The parents invited us and so today we pay a visit the homes where Malita, Ramos, Joyce and Witness grew up.
Malita lives in the Mablueguma village, on the hills around the lake. The village took its name from the many blue gum trees which are around. While getting closer to the village we are welcomed by Malita’s mum and grandmother, who show us immediately inside the little house they are renting. It is a small hut made mostly of terracotta bricks and plastered with more terracotta. There is no running water nor electricity here. The house is composed of two small rooms (the bedroom and the storage) and an equally small living room.
We gather here with the rest of the family: Malita’s sister, Malita’s mum and his new companion, with his daughter. Immediately more people arrive, all curious to meet us.
While chatting we get to know Malita’s birthday. Her Malita doesn’t remember when she was born, but luckily has her vaccinations’ paper which says Malita was born on the 15th October 2003. From her medical records we also find out she is deaf and dumb since 2008, due to complications of meningitis. At that time the doctors advised her mother to bring her to the Bandawe School for the Hearing Impaired, the same school Malita is now attending. After a Coca Cola it is time to leave to go and meet the next family.
When we visit Ramos’ home we have a positive surprise. He seems to be much luckier than Malita. His family owns the house they live in and this is even painted from the outside. His father is not in when we pay our visit, since he is out selling the fish he caught last night. However his mum is more than ready to welcome us in. The house has electricity but no running water and has 3 rooms.
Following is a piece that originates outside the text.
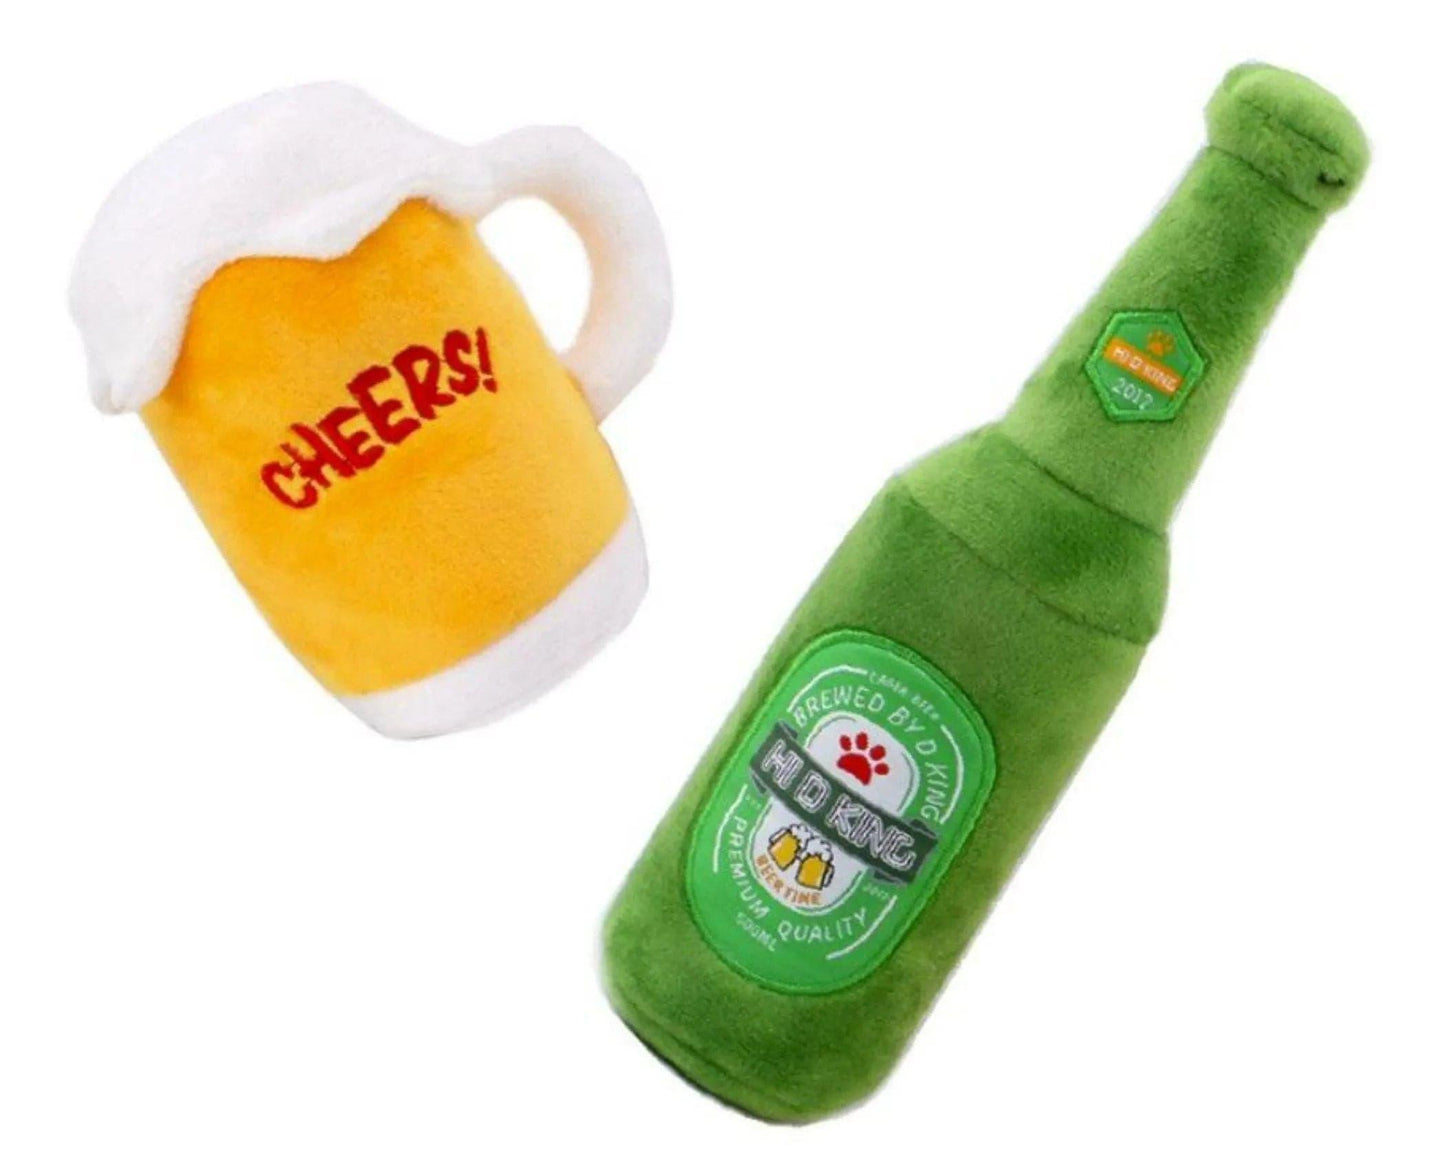 Beer Bottle, Cheers Cup Plush Toy - Puppy Artisan

Ramos lives with both his parents, his little sister Ulemu, his brother Emmanuel and two cousins who have lost their parents. This means that a total of 7 people is living out of the income of the fishing activities of Ramos’s father. The all family has moved to Nkhata Bay in 1996 because the lake represented a good resource for them. Also here we drink a Coca Cola all together and while chatting we learn that Ramos was born on the 14 September 2000.
Witness lives on the other side of the bay as compared to Ramos and Malita. This area is even more rural and it is known as Kakumba village. Witness lost his parents when he was 8 months old. His grandmother took care of him as good as she could. Today he is still living together with her, his aunt and many cousins. Out of them, 4 are his aunt’s children. They have no chairs, so we sit all together in the patio of the house. His aunt and grandmother are really chatty and there is also a constant passing by of children who are curious to meet us.
The all family live on the income generated by both the aunt (who sells corn) and one of the cousins (who work at the supermarket). Wit’s aunt really seems to understand the importance of being given the possibility to study and tells us that in her family only one of her brothers was given that chance, but unfortunately passed away too early. She tells us that Wit was born on the 29th Jan 2000, basically on a field where hundreds of people were praying to prevent the end of the world, expected in that same year.
Joyce lives basically next door to Witness, together with her mum, her grandmother and approximately other 14 children. Only one among them is her blood brother, Daniel. The house is very simple and is mostly used as a storage for the rice one of their relatives is selling. Joyce’s mother supports them all, as well as she can, but she works in a little shop in town and their living conditions are less than basic. Differently from the rest, Joyce’s mother is not very talkative. She only tells us that Joyce was born on the 12th June 2003 and that she is often affected by malaria.